Ротбург, приватный салон кронпринца.
Ревекка музицировала уже два часа.
С каждой взятой ею нотой в уши словно втыкались невидимые, но очень острые крючья, и Генрих валился лбом на раскрытую книгу «Экзотические бабочки в естественной среде обитания» — которую пытался безуспешно читать, но так и не продвинулся дальше пятнадцатой страницы, — и думал, что самой экзотической из них оказалась его жена.
— Черт бы побрал равийскую дуру! — цедил сквозь зубы и, закипая от гнева, звал Томаша.
Томаш приходил — предупредительно-вежливый, вышколенный, поблескивающий розовой лысиной. Генрих знал, что в потайном кармане его сюртука хранится тот самый ключ, и старался смотреть только в книгу — на громоздкие латинские названия вроде Papilio memnon laomedon, на расплывающиеся картинки, на сноски, на переплет — куда угодно, только бы не видеть сочувствующий взгляд камердинера! И говорил как можно небрежнее:
— Томаш, затвори же двери. Я только выкроил время почитать, как началась эта невыносимая какофония.

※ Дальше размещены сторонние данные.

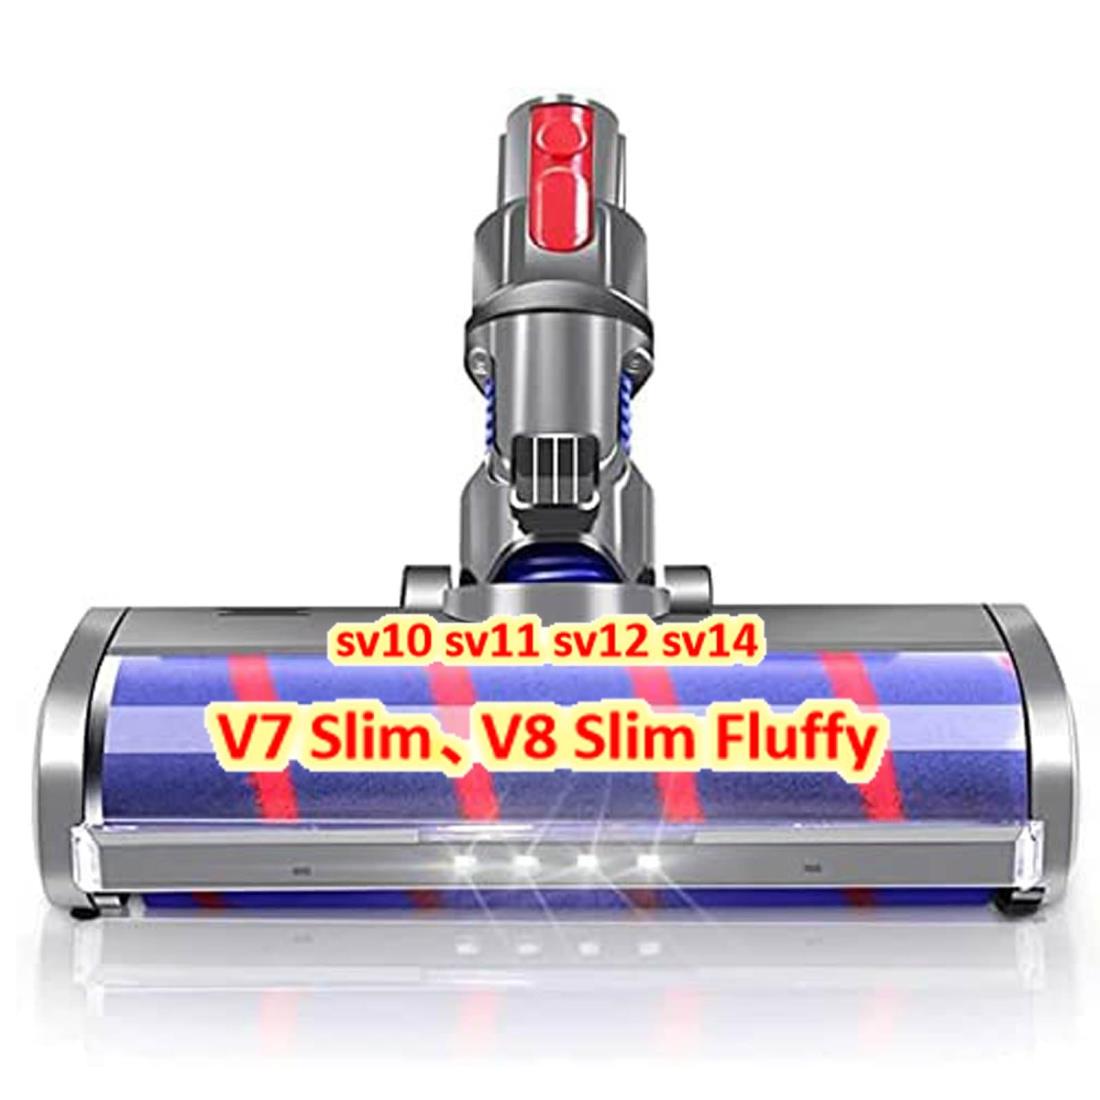 ダイソン ヘッド V7 Slim、V8 Slim Fluffy ソフトローラークリーナーヘッド V7 V8 V10 V11 sv10 sv11 sv12 sv14などに対応 モーターヘッド 、Dysonに互換品/代替品 （Slimは一部非対応）

— Все двери плотно заперты, выше высочество, — кротко отвечал камердинер и, будто в насмешку, Ревекка брала особенно сочный аккорд.
— Тогда пусть играет потише! А лучше совсем прекратит.
— Я говорил, но ее высочество не понимает авьенского… Или делает вид что не понимает.
— Это черт знает что такое! — сердился Генрих, со второго щелчка подпаливая сигару. — Она переполошит весь Бург! А у меня в голове будто засели иглы…
И, подумав об иглах, косился на запертый шкаф массивного дерева, где на самой верхней полке, за архивными документами и старинными книгами, прятался походный саквояж с запасом морфия.
После разговора с Натаниэлем Генрих решил не откладывать решение в долгий ящик и позже, вдыхая горьковатый табачный дым и млея от умелых ласк Марцеллы, рассуждал вслух:
— Возьму и брошу. Ведь это, в сущности, такая ерунда! Пустячная привычка, без которой мне и так хорошо. Ты веришь мне, Марци?
— Я верю всему, что скажет мой Спаситель, — мурлыкала Марцелла, накрывая его рот поцелуем и с чувственным стоном впуская в себя. И это было ослепительно хорошо! Так хорошо, что, вернувшись в Ротбург в приподнятом настроении, Генрих сразу позвал Томаша и сказал:
— С сегодняшнего дня к черту морфий! Никаких больше лекарств и медиков я не потерплю. Тем более, скоро Рождество, а я обещал отцу вести себя с гостями пристойно.
— Я рад такому решению, ваше высочество, — всегда аккуратно-сдержанный, на сей раз Томаш не попытался скрыть ликования. — И выброшу все немедля.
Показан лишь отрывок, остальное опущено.